The SEC staff intends to recommend deregistration thresholds based solely on trading volume. The original proposal had used thresholds based primarily on the percentage of U.S. holders, as well as trading volume. Making it easier for firms to deregister their securities has been raised as one way to help ease the burden of Sarbanes-Oxley and improve the competitiveness of US markets.

Reproposal is necessary because basing the threshold solely on trading volume was not addressed fully in the commission’s original December 2005 proposal and request for comment. The reproposal also will reflect modifications, in response to comments, of other conditions to deregistration outlined in the original proposal. Staff will recommend a 30-day comment period for the reproposed rules and expects to recommend final rules in the first quarter of 2007.

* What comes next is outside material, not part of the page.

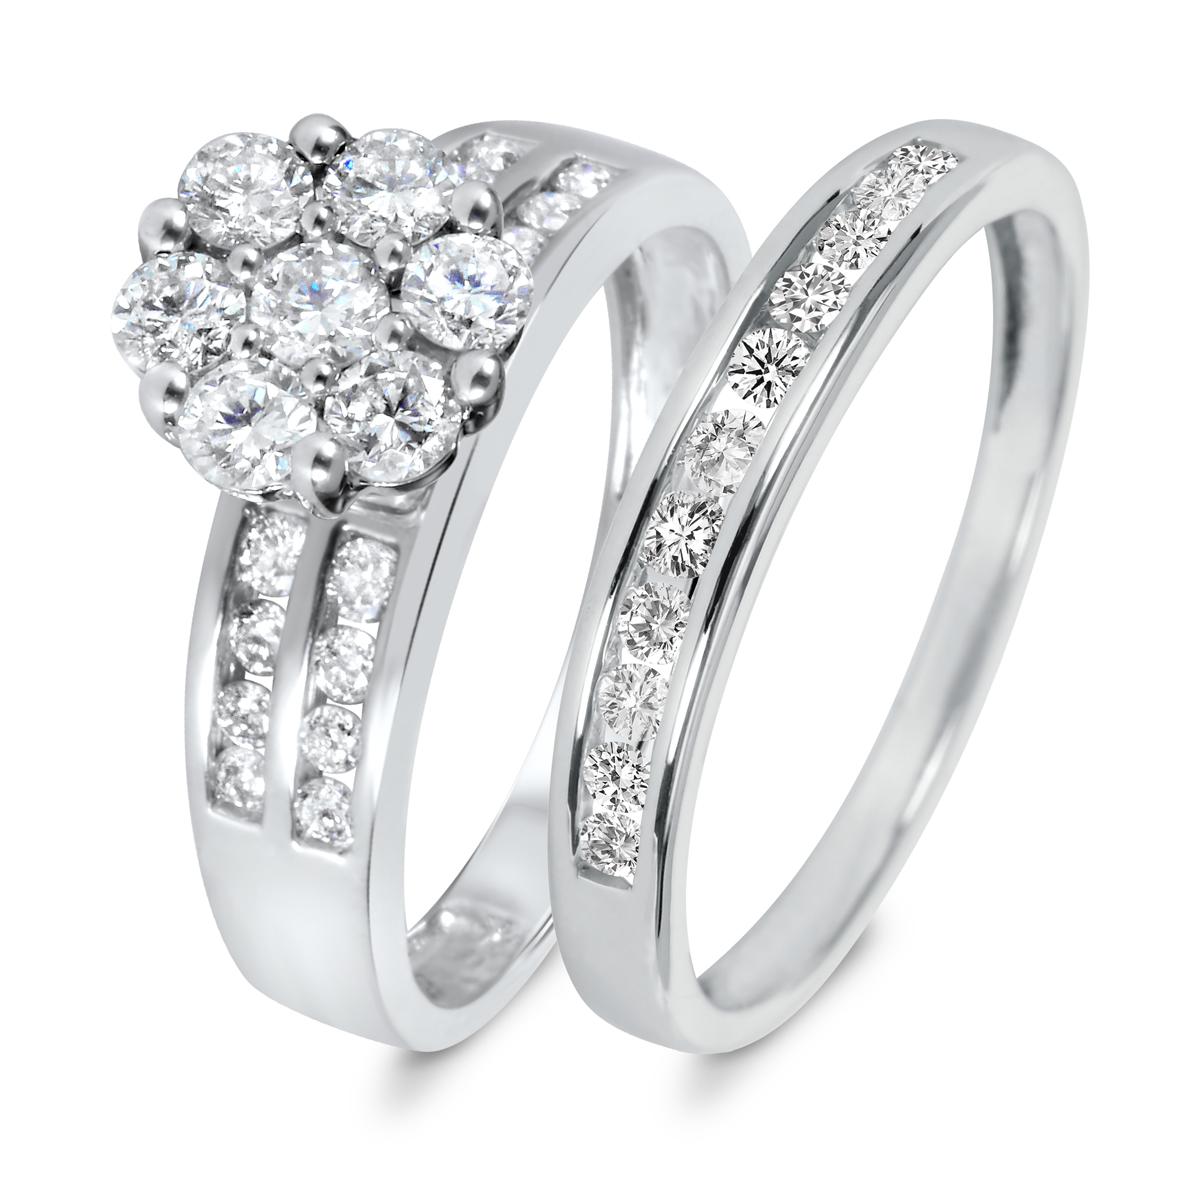 1 1/5 CT. T.W. Diamond Women's Bridal Wedding Ring Set 10K White Gold

“We believe that the new proposal will better serve the needs of both U.S. investors and foreign issuers by providing a clear, consistent, easy-to-apply, and fair standard pursuant to which foreign registrants may withdraw from our capital markets and end their obligations to comply with our rules,” commented John White, director of the commission’s Division of Corporation Finance.

“The commission remains committed to investor protection as well as sensitive to the opportunities and challenges of increasing globalization and cross-border regulatory cooperation. This proposal should continue to provide appropriate protections for U.S. investors while promoting capital formation in the U.S. and making our markets more attractive to foreign companies,” he added.